I'm waiting for a "Machine Learning Tools for the Non-technical" post. When we can make machine learning accessible to business owners and non-technical people, this is when machine learning will really have a big impact on society. Until then, it's accessibility is just too limited.
Im currently trying to crack it. What I've realised so far is that once you get past the scary mathematic notation, its really quite simple under the hood. Maybe that wont be the case as I learn more, but linear regression and gradient descent is really very simple and easy to grok.
So far I've been cobblibg together a learning regimen by combing Coursera, Khan Academy, and a book called "Machine Learning for Programmers". Individually they all eventually brush over some key concepts that make it dofficult to get an intuition for what's happening. But when combined they fill in the gaps. Also, this repo has been like the rosetta stone for someone who doesn't have a single maths qualification, not even a GCSE.
I hope you are aware that those introductory courses give you a rather high level view of things and often hide any problematic points from you. It's like driving and only learning to know about the accelerator.
This has generally been my experience with mathematic notation applied to CS topics; the notation itself is basically impenetrable, but once you can get the underlying ideas translated into readable form they turn out to be straightforward and easy to apply.
For practical use cases, machine learning is actually easier than what these blog posts imply. One of my pet peeves with some marketing thought pieces on Machine Learning/AI is that they deliberately abstract so much of the process in order to sound smarter. (the original submission did a good job in explaining the terminology/code, however)
ML workflows can nowadays be simplified to a few lines of code, and is one of the reasons I now open-source my code in Jupyter/R Notebooks to help facilitate transparency.

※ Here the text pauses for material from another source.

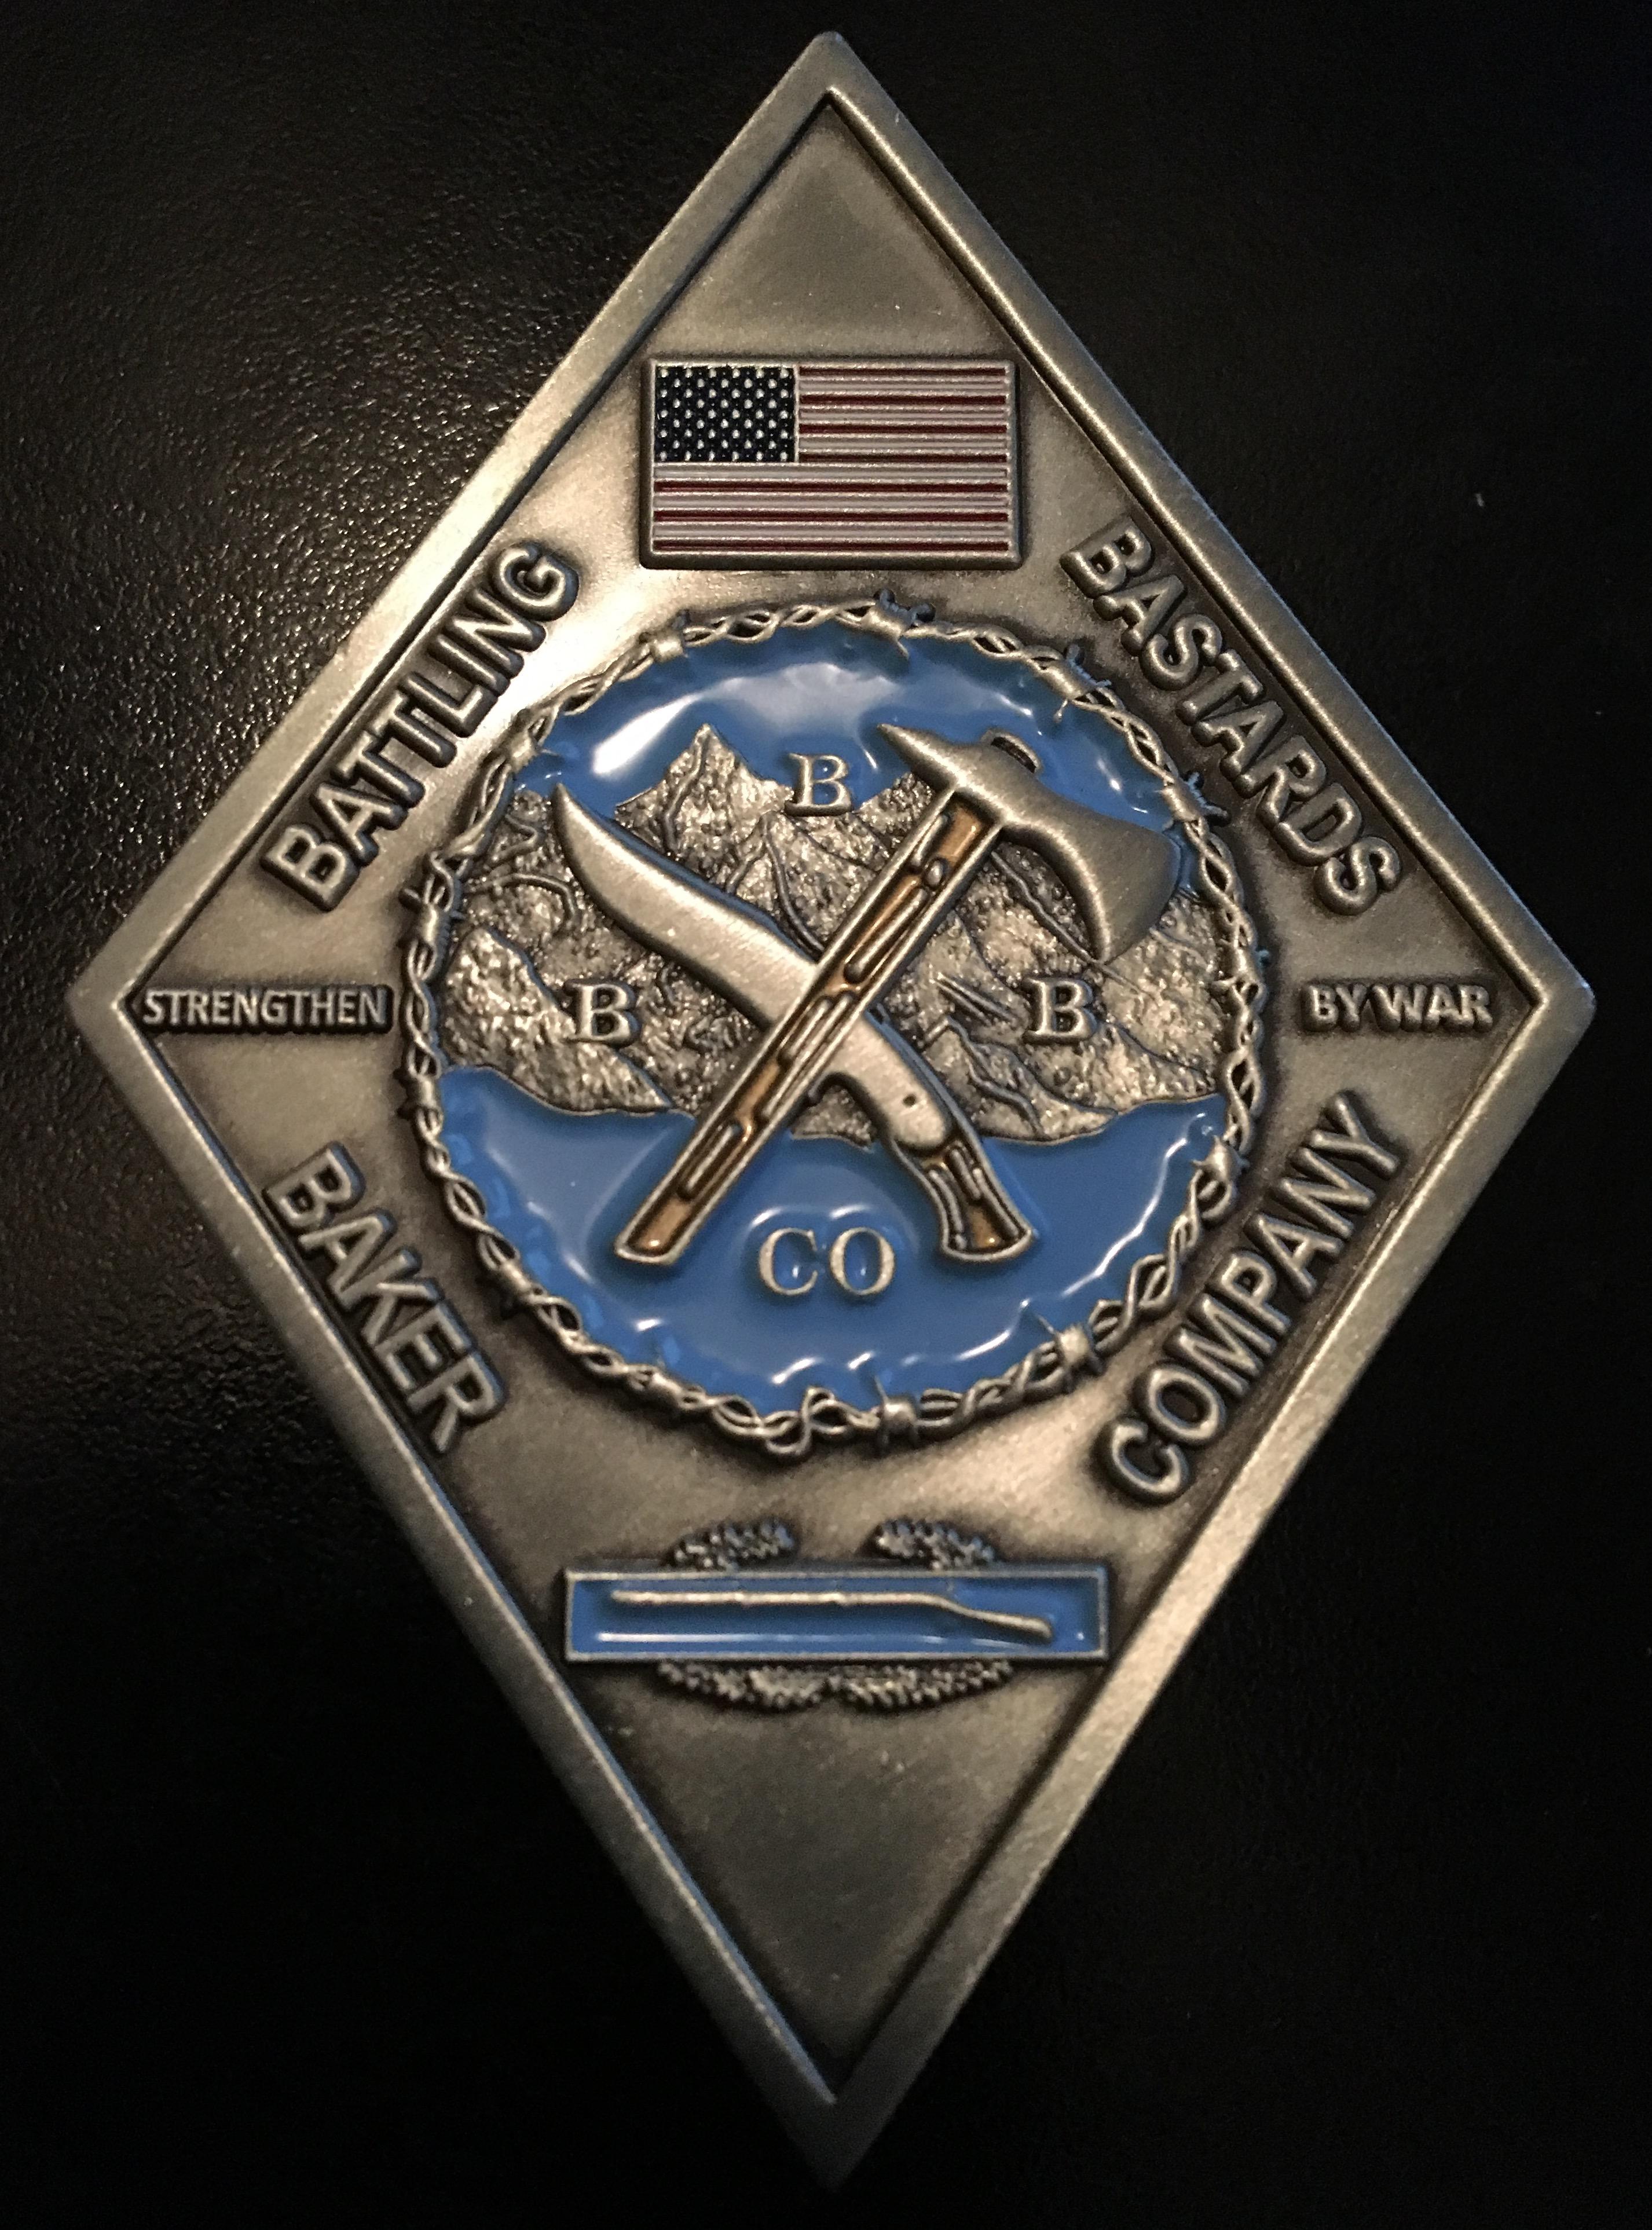 B CO 3-509 BACK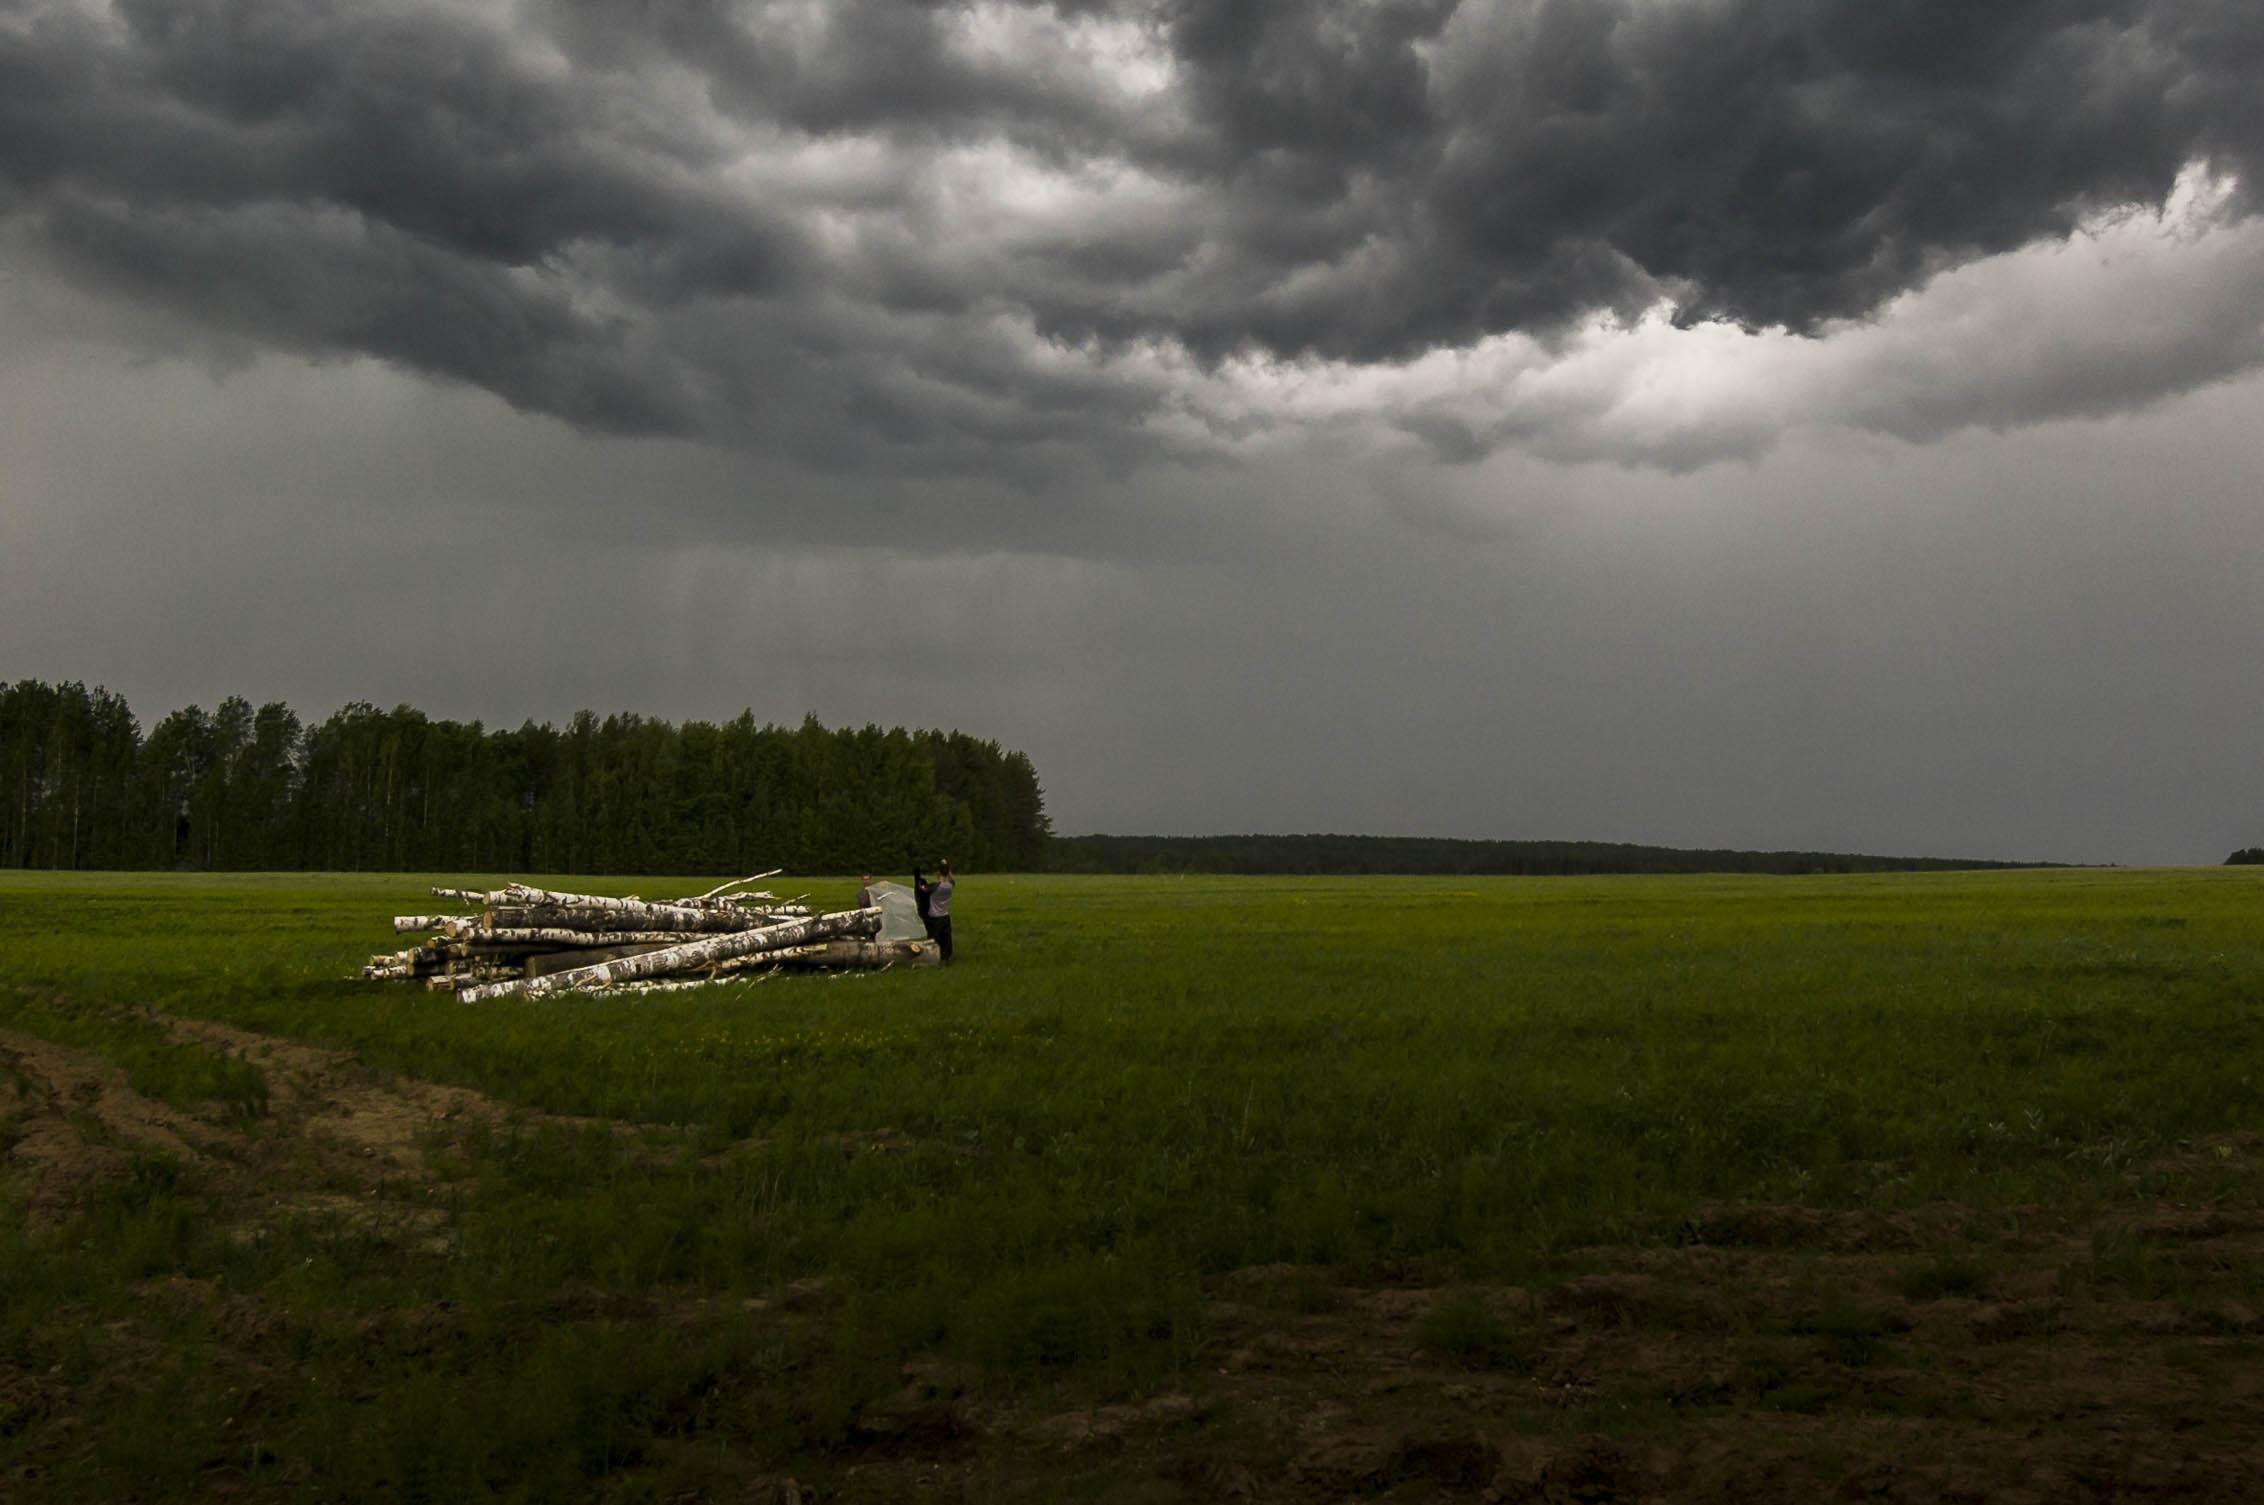 Pilgrims pause to take precautions against the rain, Kirov region, June 2010

The accessibility of machine learning does not affect its impact on society. It already has had a big impact on society whether people realize it or not. It is used for countless tasks that people take for granted (spam filter, facial recognition, translation, etc.).
We live in a society where people are completely dependent on technologies that they know nothing about. The average person who uses a computer or a smartphone wouldn't even be able to tell you how to represent the number 2 in binary yet these devices have a huge impact on their lives. Whether this is a good thing or a bad thing I'm not sure since it is no longer possible to understand every aspect of technology at our current (and accelerating) level of progress.
> The accessibility of [cars] does not affect its impact on society.
I would think the accessibility of something is directly related to its impact on society most of the time. There is no doubt ml has already had an impact, but putting it in the hands of non-technical users opens up possibilities that the technical crowd is incapable of imagining.
I'm not sure I understand your 'cars' comment. The vast majority of people who drive cars have no idea how an engine works yet they are completely dependent on them.
'How' something works doesn't affect it's impact on society, the more important consideration is 'what' it does.
My original point was that machine learning is not something that the average person can apply in his or her own business yet. Yes, big tech companies use it to improve their operations, but a small business owner can't define what would even be an applicable ML problem for their business yet. Millions of small businesses have websites, and even their own custom software, yet ML is still out of reach for many of these business. This is where I think a huge impact can, but has yet, to be made.
I completely agree with you. It just seemed like your initial comment was dismissing the effect/impact of ML because not everyone has the time to learn how to implement it.
Machine Learning only works if you have data that it can use. Non-technical people are unlikely to be in possession of this data. But I still agree with you.
This is starting to get what I'm trying to express....non-technical people don't even know what ML is capable of, how to define what could be a ML problem, or how to go about acquiring the tools to solve said problem. Once that information is easily made available to at the very least the average programmer, then I think ML will have a much larger impact than we can imagine.